Catherine went out for lunch with a woman she used to teach with. They went to "Crackers", a restaurant run by students from a High School in Louis Riel SD. Suzie and I stayed home and made Solstice decorations.
Later we are going for a work-out. We were remiss, lax, neglegent for not going for a work-out yesterday, because we were too busy. Yesterday morning I took Mom to the 'Pacemaker Clinic' for her first check-up....a thousand mile check-up, I believe. Her pace-maker is working fine, everything is doing what it should. I went into the room with her and the doctor( just to get the story straight) and Mom surprised me by pulling out a list of questions that she wanted to ask.....now I have told her to do that before but she never does.....this time she did! Amazing. I made sure that the doctor had the right info on Mom's meds and then I left, not wanting to be there for the physical examination; you know what I mean...! She got out earlier than we thought so Mom and I went to Kelekis Restaurant for lunch....do you know that they are the Royal Purveyors of the burger and fries to the Queen? Its true, the Queen and Prince Philip went there for Chili dawgs n' fries when they were in town. I'm pretty sure that it is true...well could be, Eh? Then I had to go to the world famous Western Canada Aviation Museum for the rest of the day to help set up the winter solstice tree and decorate it. But first we had to hunt around the hanger for an hour to find the damn stuff.
Looks like December will be a busy month. There is the WCAM xmas party and the Diabetes research xmas party and the Manitoba Humanist's Solstice party on Dec. 21... and then there is the annual xmas party at Paul and Pat's place on the last Saturday before Xmas on Dec 20. they have a tree decorating party every year, and have had one since we first met Pat about ten years ago. Pat makes these wonderful cherry winks that are irresistible and I have to stop just on the sunny side of Diabetic Shock.

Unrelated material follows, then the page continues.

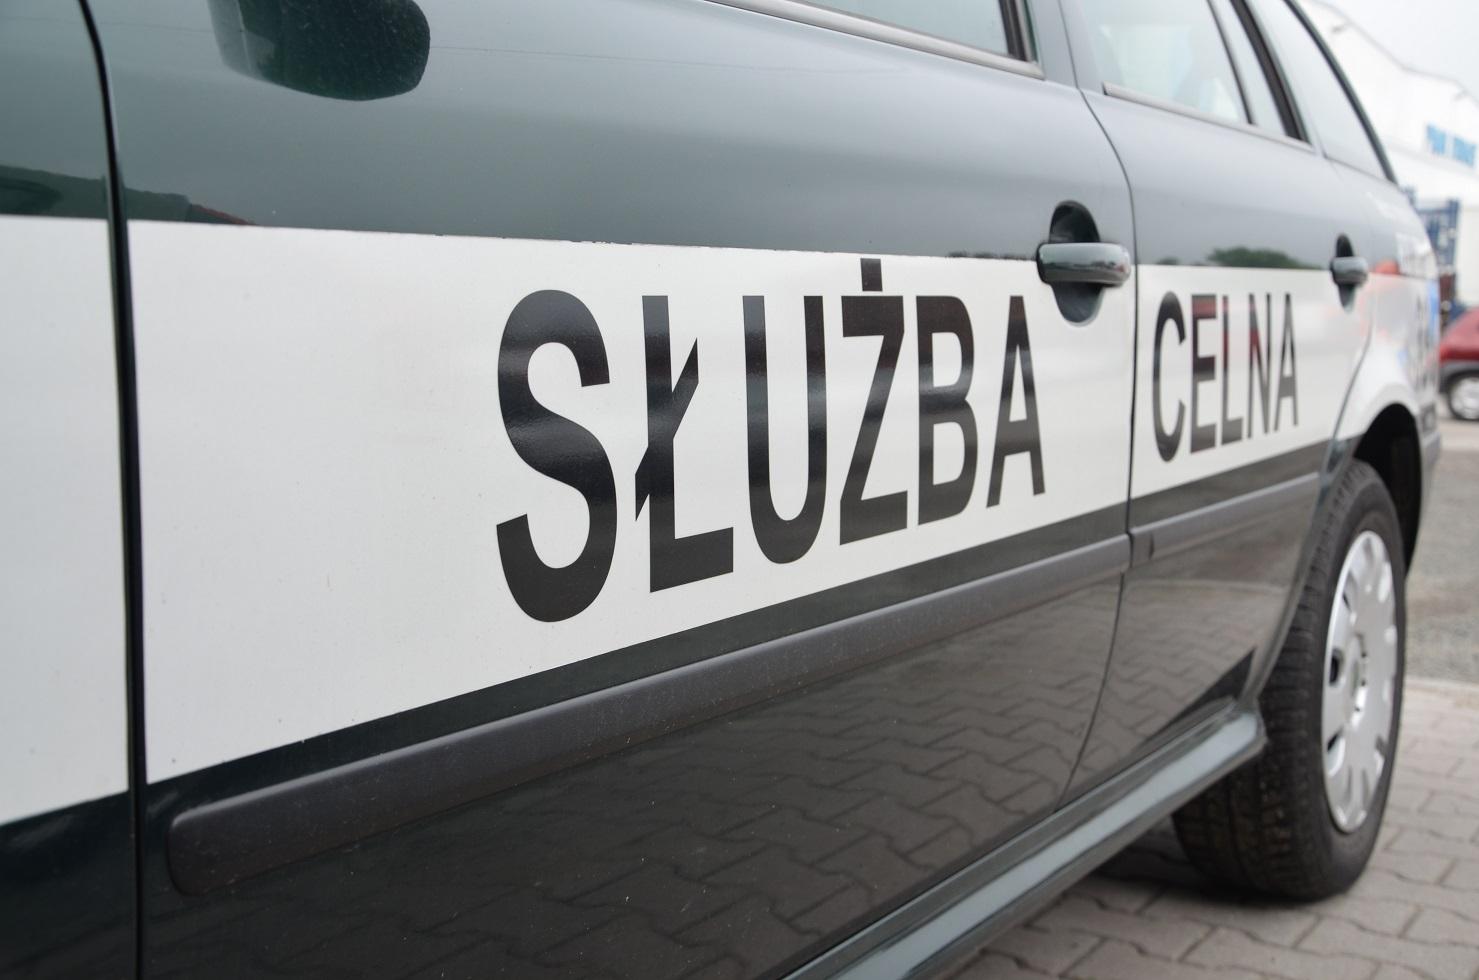 Polska z zaniepokojeniem przyjęła decyzję władz Belgii o wydaniu wizy wjazdowej wpisanej do Systemu Informacyjnego Schengen Ludmile Kozłowskiej - poinformowało Ministerstwo Spraw Zagranicznych

I temper my glucose levels by drinking large rums, as you know booze brings down your glucose...so it is a wash....and I am awash. Last year the party was great...all I can remeber is me on the floor, looking up and a guy in a white coat saying CLEAR! CLEAR!...just kidding, I am very careful. Here is a joke:
A guy took an over-dose of pills. He calls the suicide hot-line and says," I just took an over-dose of pills." The woman on the other end says," What kind of pill did you take?" He says, "VIAGRA".......the womans says, "What the hell do you want me to do about that?".............He says," Well, what are you wearing?"
Well mesamis, AVOIR DUPOIS.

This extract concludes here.